Pengamanan Fisik dan Elektronik Kapel Sistina
Pengamanan di Kapel Sistina ditingkatkan secara signifikan. Pengalaman pemilihan Paus Fransiskus pada tahun 2013 memberikan gambaran bagaimana tingkat keamanan dijaga.
Laporan Reuters pada tahun 2013 menyebutkan pemasangan lantai palsu di atas ubin Kapel Sistina. Lantai palsu ini dilengkapi dengan pengacau elektronik untuk memblokir sinyal yang keluar dari ruangan. Petugas Vatikan juga melakukan penyisiran ruangan menggunakan pemindai anti penyadapan untuk mendeteksi mikrofon tersembunyi.
Sistem pengamanan tambahan berupa layar atau wadah logam dipasang di sekitar Kapel Sistina. Sistem ini berfungsi sebagai penghalang radiasi elektromagnetik dari luar. Sejak tahun 1996, Paus Yohanes Paulus II telah menetapkan aturan pemeriksaan ketat untuk mencegah pemasangan peralatan audiovisual secara diam-diam.
Sumpah Kerahasiaan dan Sanksi Pelanggaran
Selain teknologi, sumpah kerahasiaan menjadi elemen penting dalam menjaga konfidensialitas konklaf. Berbagai pihak yang terlibat, termasuk staf dan pejabat, harus menandatangani sumpah.
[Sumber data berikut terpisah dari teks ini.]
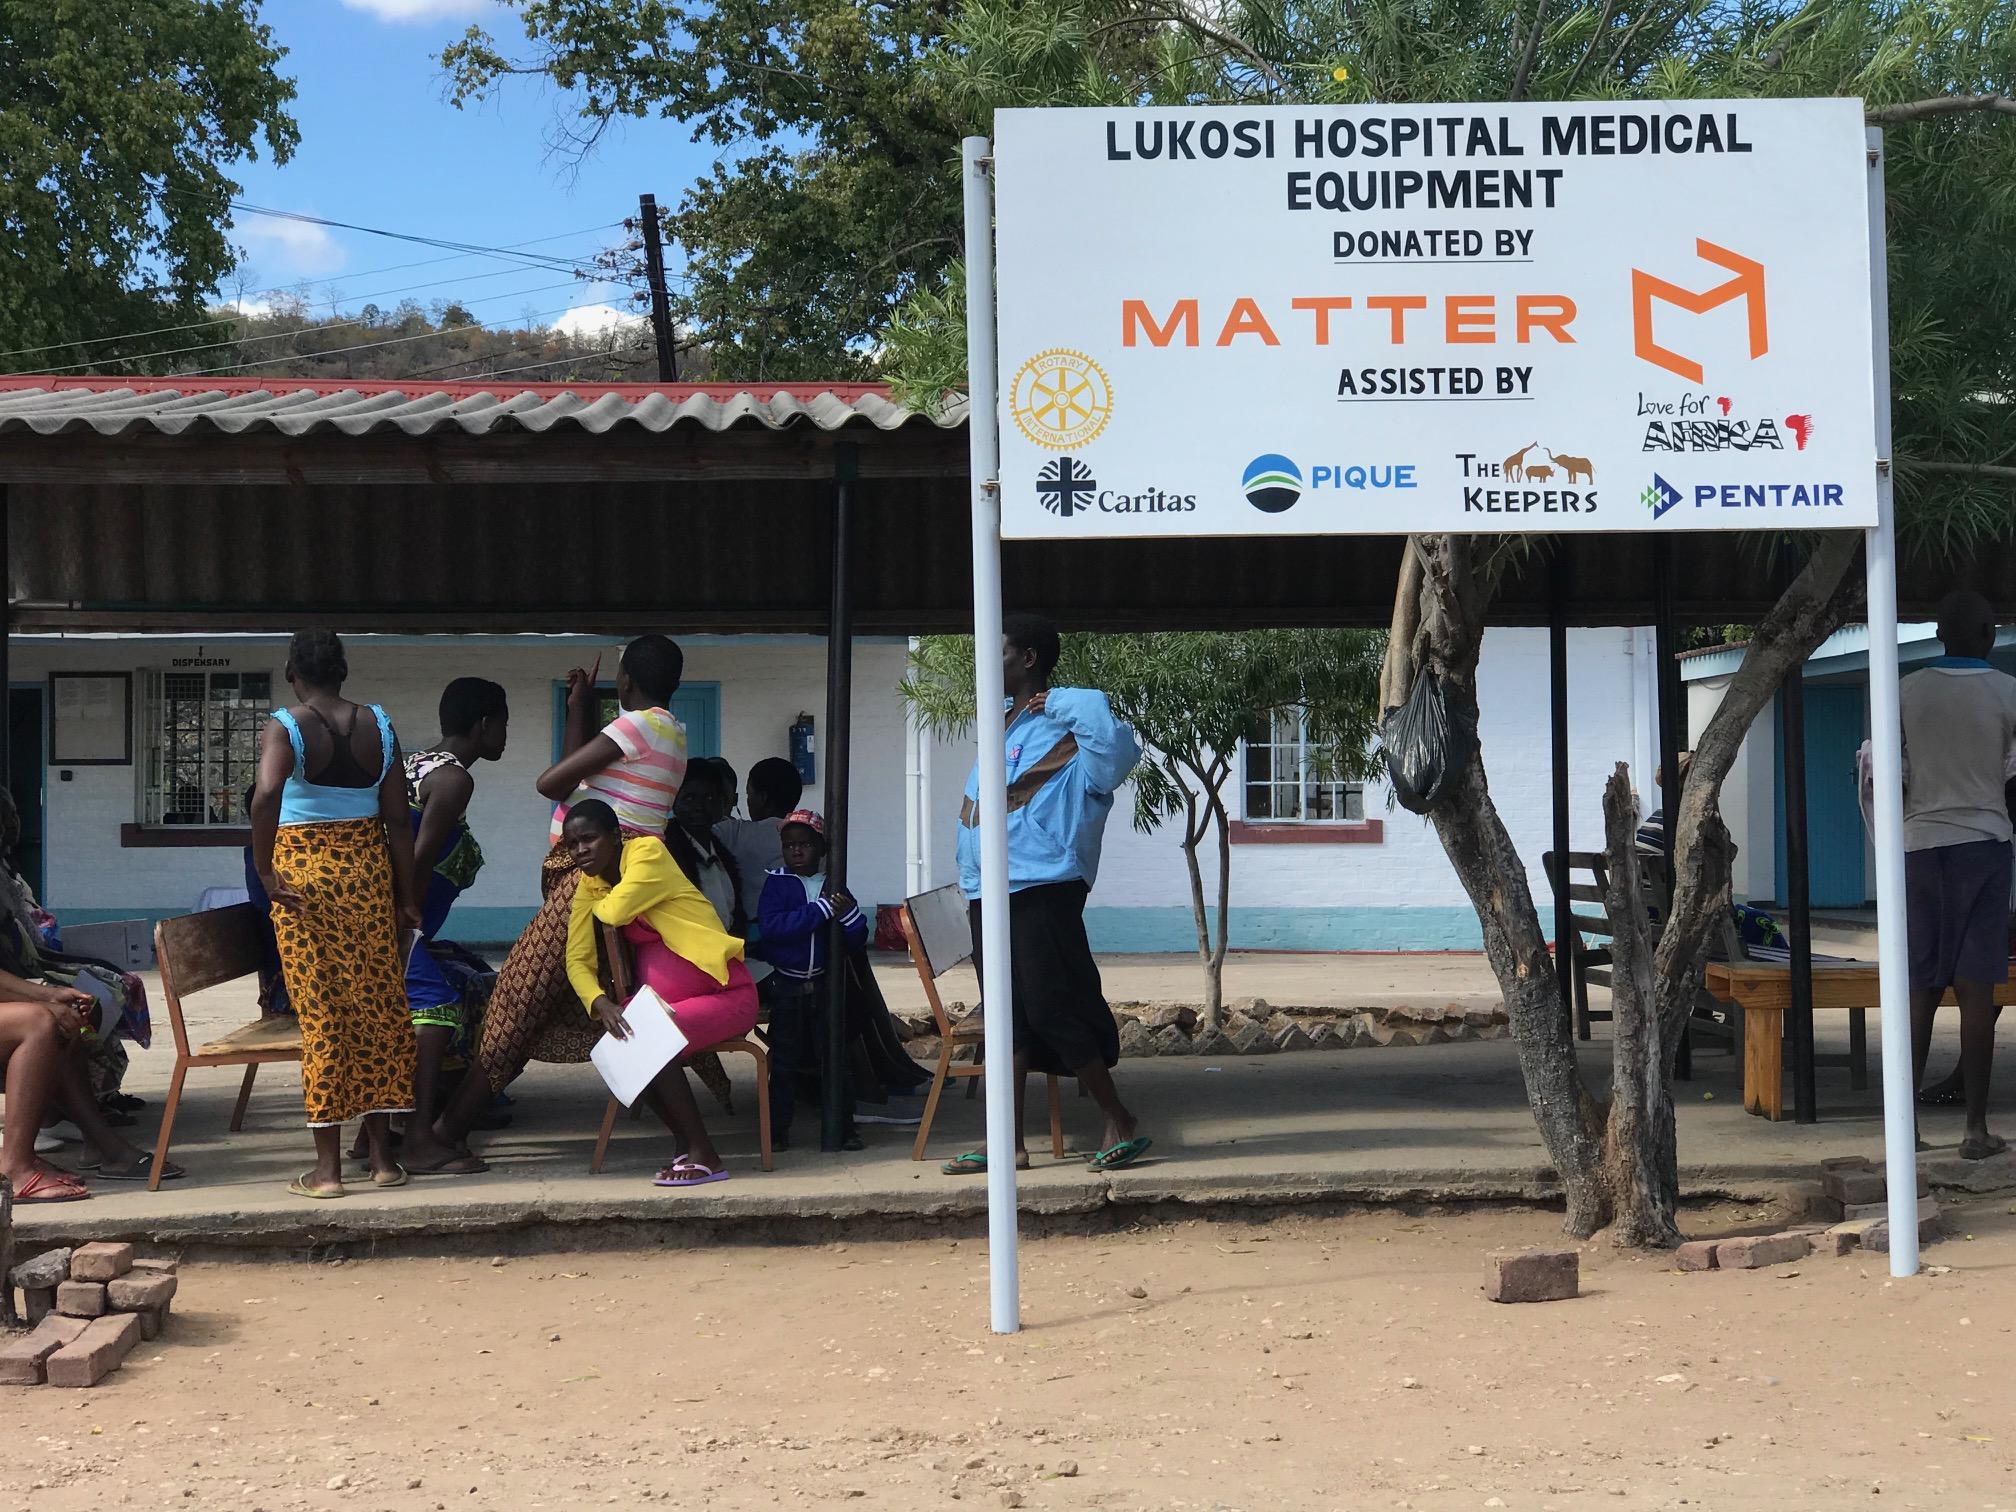 Innovation at Lukosi Hospital in Zimbabwe

Sumpah tersebut mengharuskan mereka untuk tidak menggunakan peralatan pemancar, penerima, atau fotografi tanpa izin khusus, baik sebelum maupun setelah pemilihan paus baru. Mereka juga wajib menjaga kerahasiaan semua yang dibahas dalam pertemuan para kardinal.
Selama konklaf, komunikasi dengan dunia luar dilarang. Para kardinal tidak diperbolehkan mengirim surat, tulisan, atau materi tercetak kepada siapapun. Akses mereka ke media juga dibatasi. Pelanggaran sumpah ini akan berakibat pada pengucilan dari Takhta Suci.
Meskipun sumpah kerahasiaan diberlakukan, kebocoran informasi masih mungkin terjadi. Contohnya, pada tahun 2005, seorang kardinal Jerman membocorkan informasi pemilihan Joseph Ratzinger sebagai Paus kepada media Jerman.
Proses pemilihan paus merupakan peristiwa penting bagi Gereja Katolik. Penggunaan teknologi canggih dan penegakan sumpah kerahasiaan menunjukkan betapa serius Vatikan menjaga kerahasiaan proses ini. Meskipun demikian, sejarah mencatat bahwa upaya pencegahan kebocoran informasi belum sepenuhnya sempurna. Keberhasilan menjaga kerahasiaan konklaf kali ini akan menjadi ujian bagi Vatikan.